Suatu yang baik, insya allah akan disambut baik pula. Tak disangka, tetangga kami cukup respek dengan kegiatan kami. Merekapun bergabung untuk gotong royong. Sambil sedikit gaya merutuk, tante tetangga sekre berkata “katonyo kemaren, di tunggu-tunggu dak ado”. Kami hanya tersenyum dan beralasan banyak kegiatan. Biasalah, mahasiswa.
Setelah beberapa kali bongkar pasang, akhirnya perbaikan jalan sudah bisa di nikmati. Kami mencoba membersihkan hal-hal yang tak enak di pandang di depan dan di sampingnya. Teman-teman sepertinya sudah mulai kecapaian. Keringat membanjiri tubuh. Rasanya cairan di dalam tubuh ini semakin banyak keluar.  Perlu isi ulang cairan agar kami tetap bisa melanjutkan kerja kami. Akhwat yang beberes di bagian dalam ternyata sudah menyiapkan kajang hijau dalam mangkuk serta air buah (isinya kates doang, yang lain belum panen). Namun, kami tak berhenti bekerja. Tanggung, fikirku.
Kami terus melanjutkan kerja kami sebelum nanti menikmati hidangan istimewa di sore yang cerah itu. Tampak beberapa akhwat sudah mulai meninggalkan lokasi. Mungkin rumahnya jauh dan tak bisa pulang terlalu sore. Takut ketinggalan taksi kali ya?. Tengah asyik bekerja dengan badan yang sudah mulai kelelahan tiba-tiba datang seorang laki-laki ke tempat kami gotong royong.
“ ini ngapo di timbun-timbun???ini bukan jalan ni. Jalan lewat sebelah sano.ini nak dijadikan halaman be.bongkar be”. Kata lelaki itu.

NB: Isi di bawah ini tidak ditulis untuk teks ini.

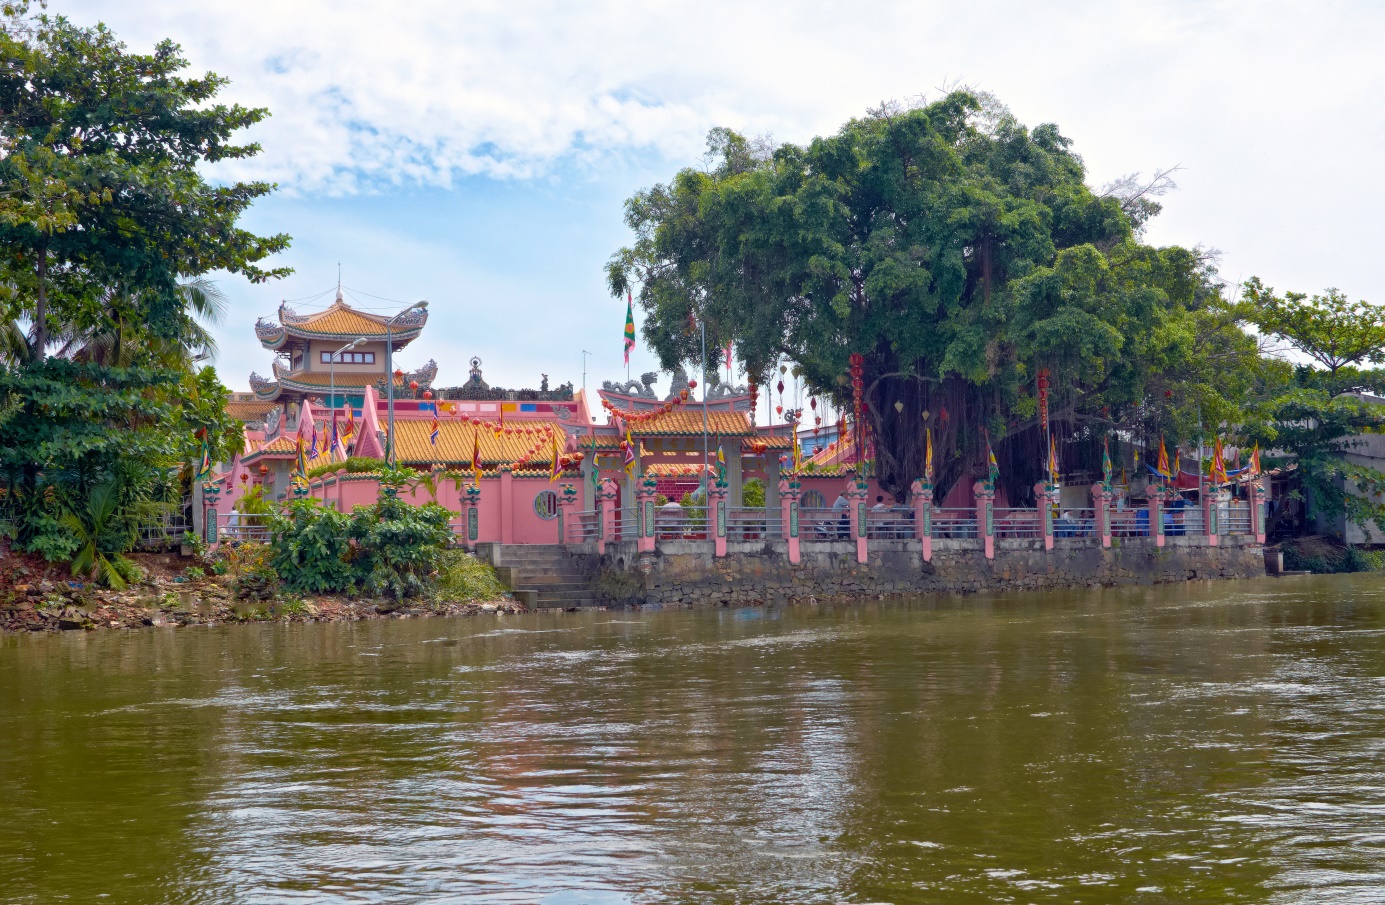 Định hướng phát triển du lịch tại Cù Lao Phố
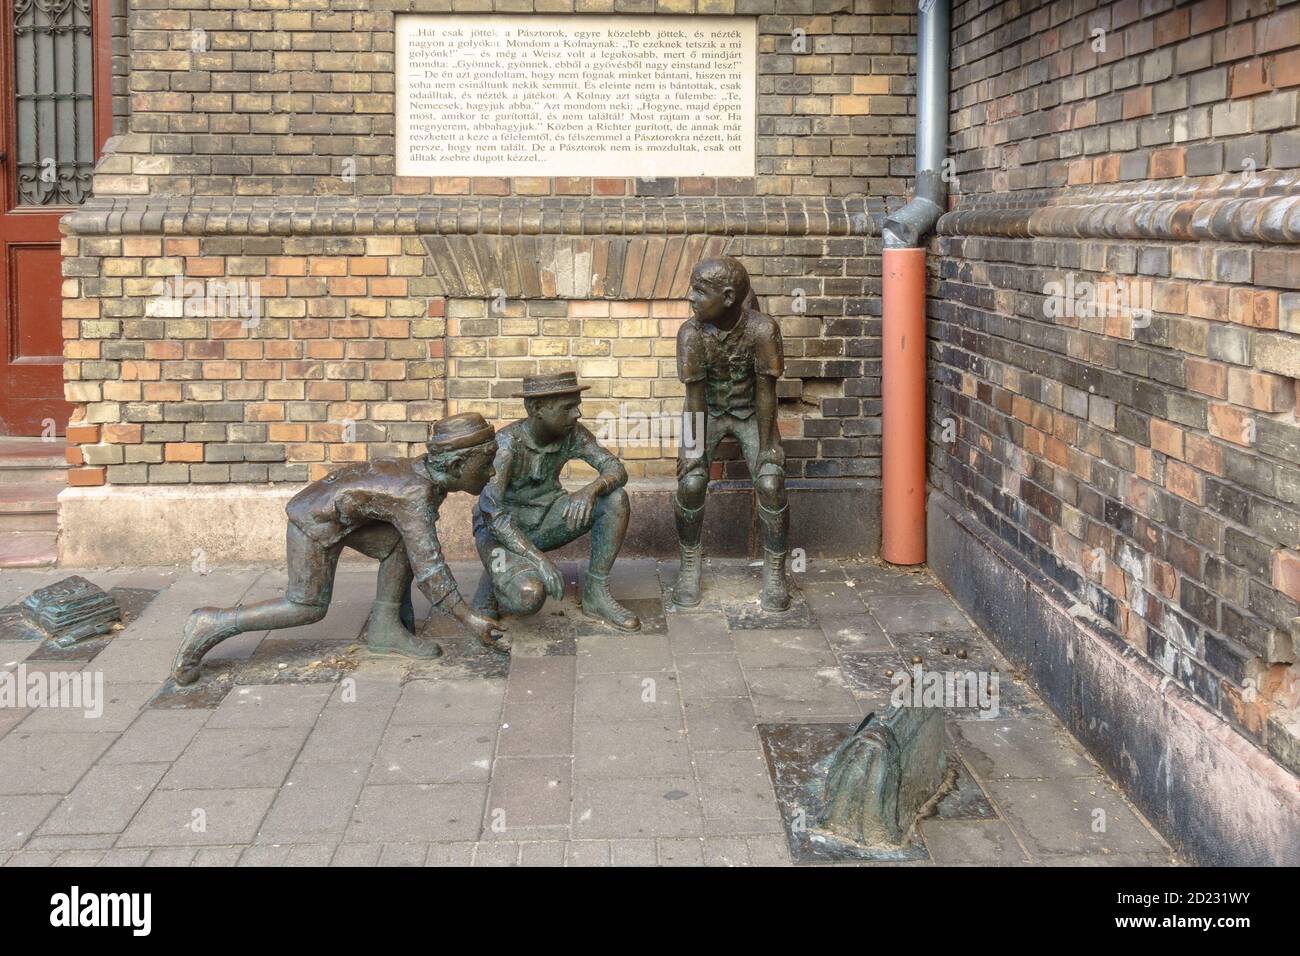 Un groupe de statues représentant les Paul Street Boys (PAL utcai fiuk) Du roman de Ference Molnar à Budapest Banque D'Images

Sontak kami semua terkejut mendengar itu. Ada yang salah sepertinya. Entah kami yang salah, atau mungkin bapak itu. Jelas yang kami perbaiki adalah jalan yang sering dilewati, kondisinya sangat membahayakan pengguna motor khususnya. Anak kecilpun tau kalo itu adalah jalan. Tapi, kenapa ni bapak kok bilang “bukan jalan” dan menunjukkan yang jalan adalah bagian tanah yang berada di samping jalan.
Kamipun bingung. Sebagian ada yang nyeletuk “lho kok, kan ini jalan pak!”. Seraya menunjuk jalan yangtak di anggap jalan oleh beliau.
Ia tetap ngotot mengatakan bahwa itu bukan jalan. Ia juga berusaha membongkar yang sudah kami perbaiki tadi. Kawan- kawan berusaha mencegahnya, bahkan istri sang bapak itu juga muncul dan berusaha menjelaskan pada suaminya. Namun, mungkin entah kenapa ia tetap ngotot. Bahkan ketika kukatakan. “ kan belum mau di cor juga pak, untuk sementaro dak papo la jaln ni dulu. Ntar kalo la di cor, boleh kito bongkar”.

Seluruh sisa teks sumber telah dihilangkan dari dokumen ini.